Claudia Umpierrez, arbitre FIFA :

"Ce tournoi est une formidable expérience, en particulier lorsqu'on pense à la préparation de la Coupe du Monde Féminine 2019. C'es très gratifiant. Nous avons la possibilité de travailler du aux côtés des hommes, et ceci est enrichissant sur tous les aspects, afin de nous améliorer à l'approche de la prochaine Coupe du Monde Féminine."

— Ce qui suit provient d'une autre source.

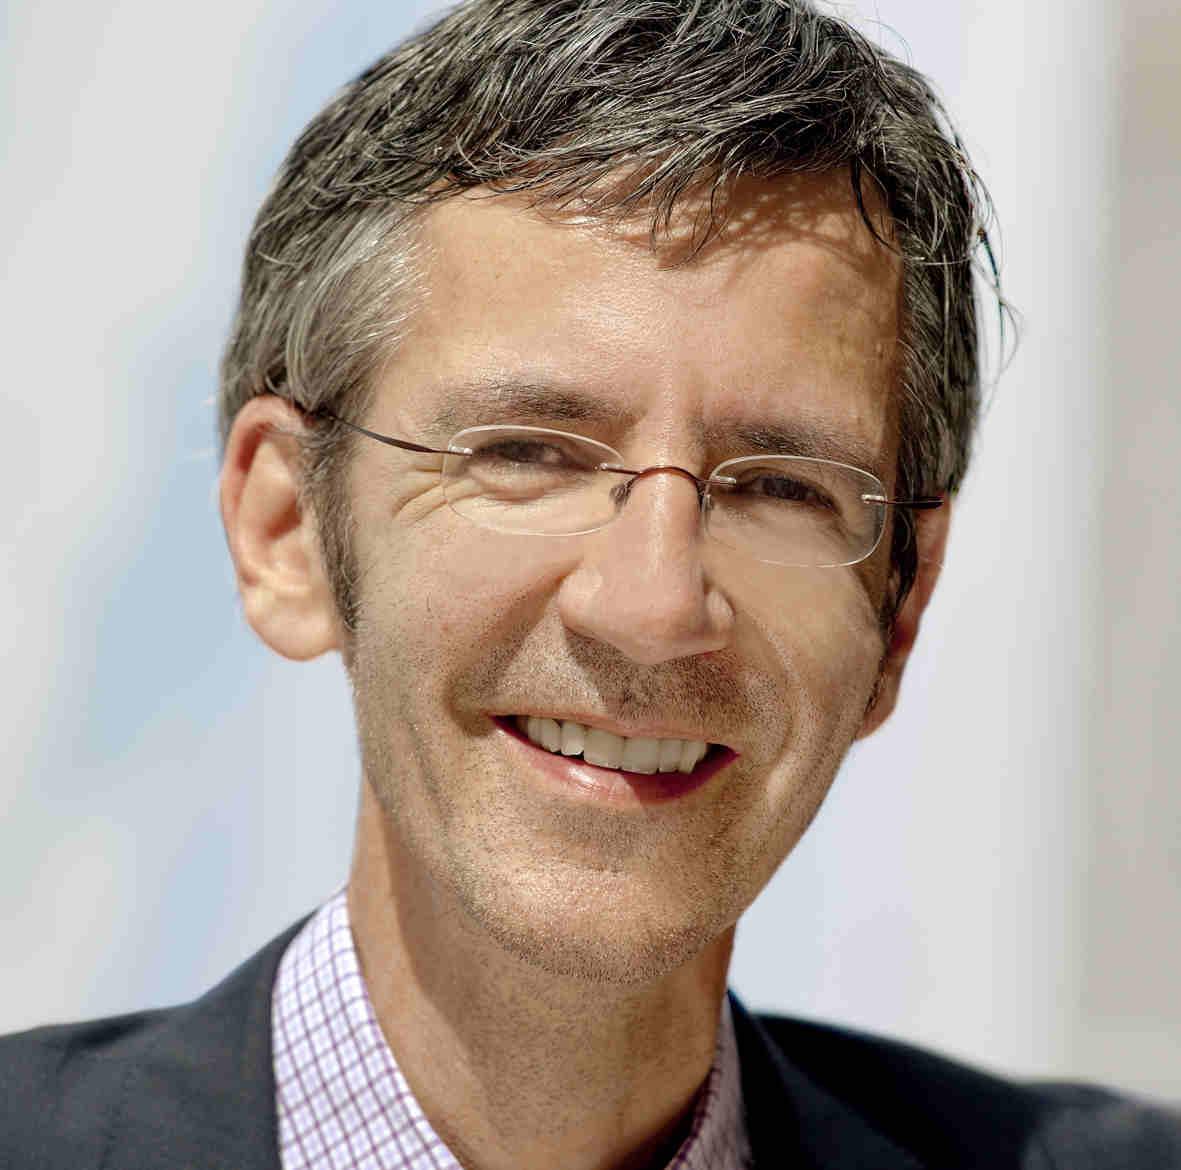 Kristian Kropp, 1.Vorsitzender RPR Hilft e.V. und RPR1.Geschäftsführer

Kari Seitz, Directrice principale du département de l’Arbitrage de la FIFA :

La réussite de ces femmes témoigne non seulement de leur énorme travail et de leur dévouement, mais également de ce qui est possible lorsque l’on donne aux femmes, qui excellent en matière d’arbitrage, l’occasion d’arbitrer. Je suis incroyablement fière d’elles. J’espère sincèrement qu’en ayant désigné des femmes pour officier dans cette compétition importante, nous pourrons inspirer et motiver d’autres arbitres femmes. Nous avons ouvert des portes, et nous nous engageons à continuer à construire pour le futur. Et dans ce futur, nous ne parlerons plus d’arbitres femmes ou hommes, mais simplement d’arbitres".